WSTRZĄSAJĄCA! - tak określiłabym tę książkę, gdyby ktoś poprosił o krótką opinię na jej temat. I choć nie jest to autobiografia, chociaż czytając ma się wrażenie, że to bolesne wspomnienia autorki, to i tak nie odetchnęłam z ulgą, bo Lisa See sięgnęła po historyczne zapiski kobiet z dziewiętnastowiecznych Chin i stworzyła historię o kobietach, którym przyszło żyć w tych trudnych czasach.
Książka wciąga już od pierwszych stron przenosząc czytelnika do XIX-wiecznych chińskich prowincji, gdzie dostatnio żyje się jedynie wysoko urodzonym. Z każdą stroną coraz bardziej poznajemy kulturę i zwyczaje panujące w tym kraju - zwyczaje, które brutalnie wkraczają w świat kobiet. Mężczyźni, no cóż...mają szczęście, już z chwilą narodzin, a jeśli są pierworodnymi synami to już w ogóle radość bez miary...i nie jest to jakiś feministyczne gadanie z mojej strony!

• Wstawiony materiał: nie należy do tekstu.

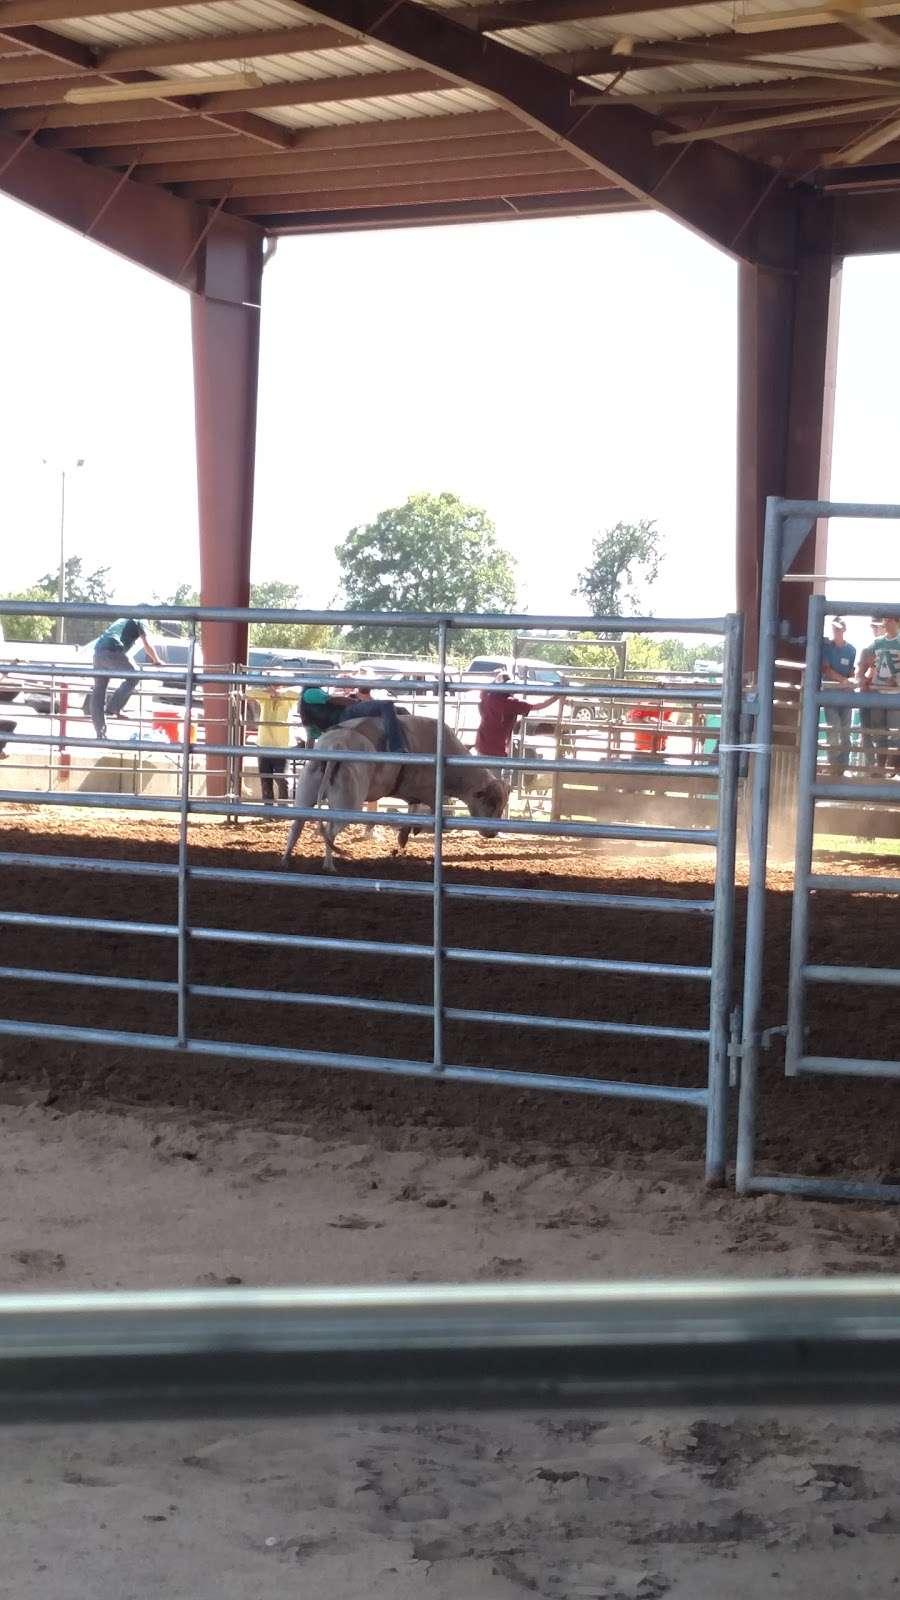 Lone Star Cowboy Church - church  | Photo 8 of 10 | Address: 21627 Eva St, Montgomery, TX 77356, USA | Phone: (936) 597-5742
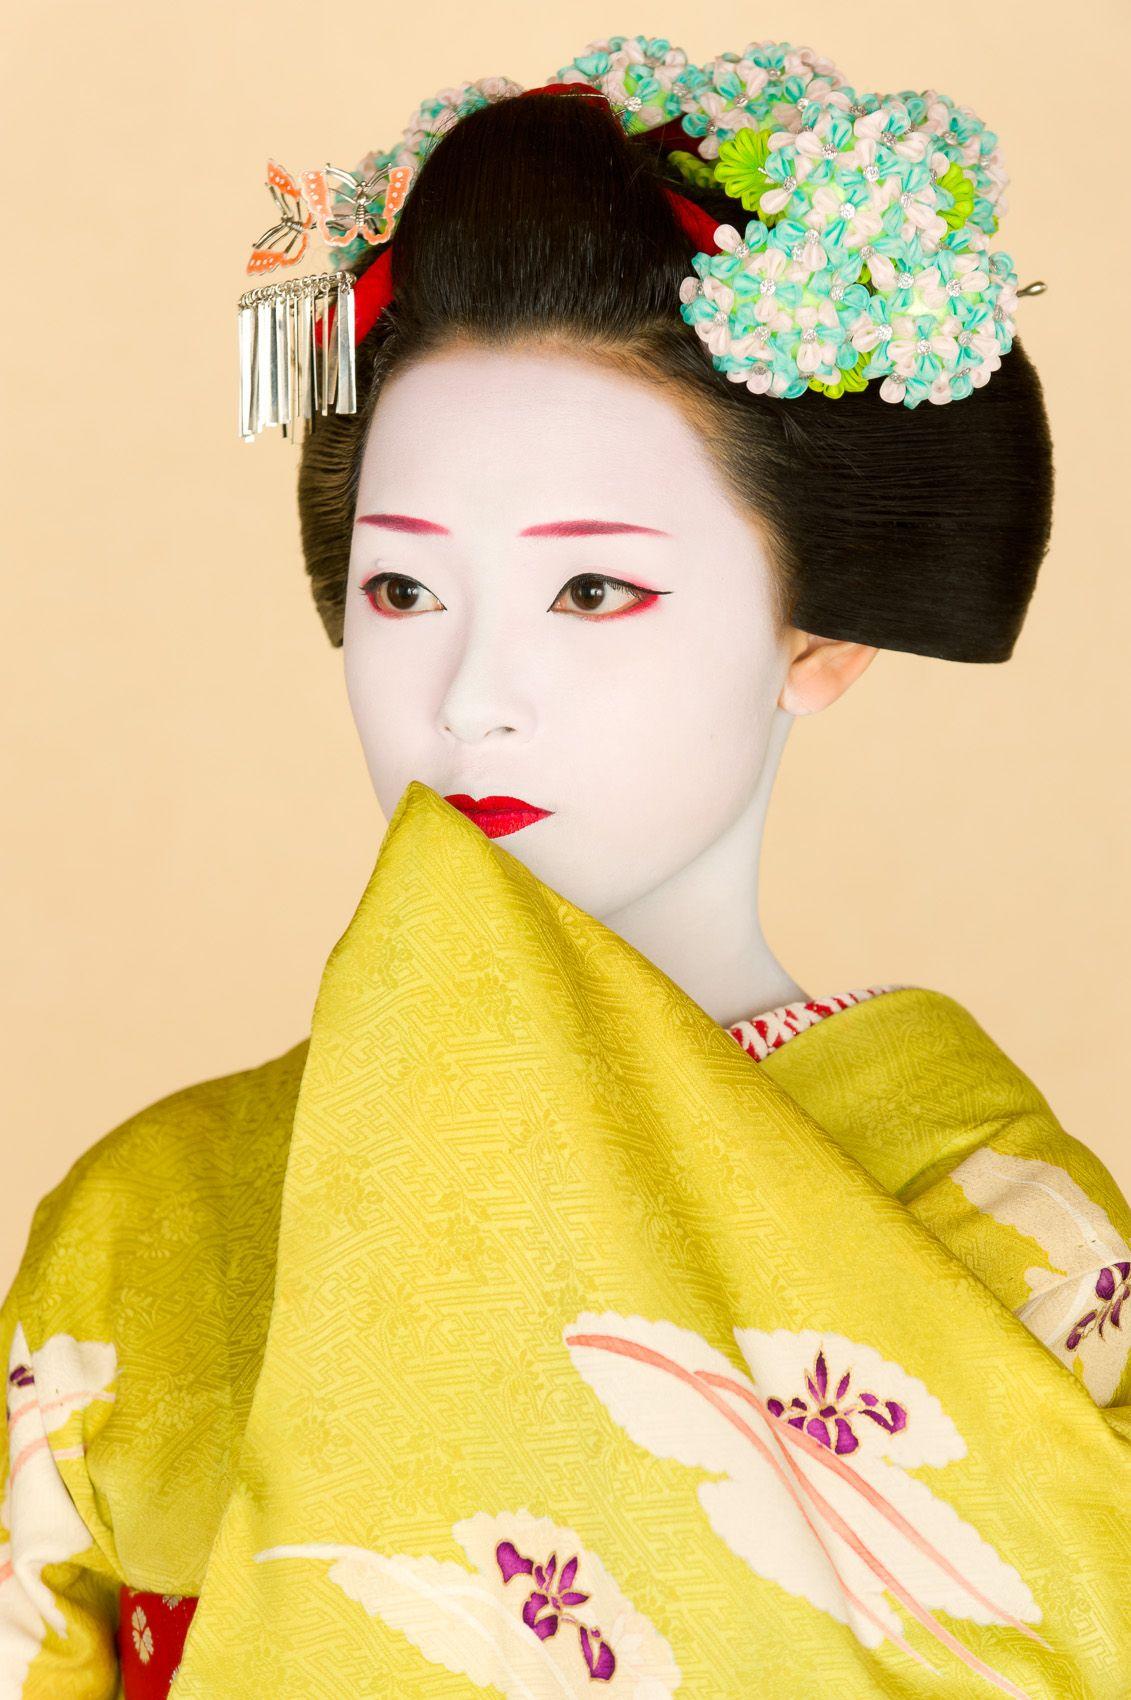 A beautiful geisha with a bbc mh 6

Autorka skupia się jednak na świecie kobiet, świecie przepełnionym bólem (opis krępowania stóp - SZOKUJĄCY!), cierpieniem, smutkiem, poczuciem obowiązku, posłuszeństwem, w którym na życie kobiety mają wpływ zwyczaje, przesądy i liczby. Życie ówczesnych kobiet to droga przez mękę na siedmiocentymetrowych stópkach, życie które osładzają sobie nielicznymi chwilami odpoczynku podczas haftowania i śpiewania pieśni.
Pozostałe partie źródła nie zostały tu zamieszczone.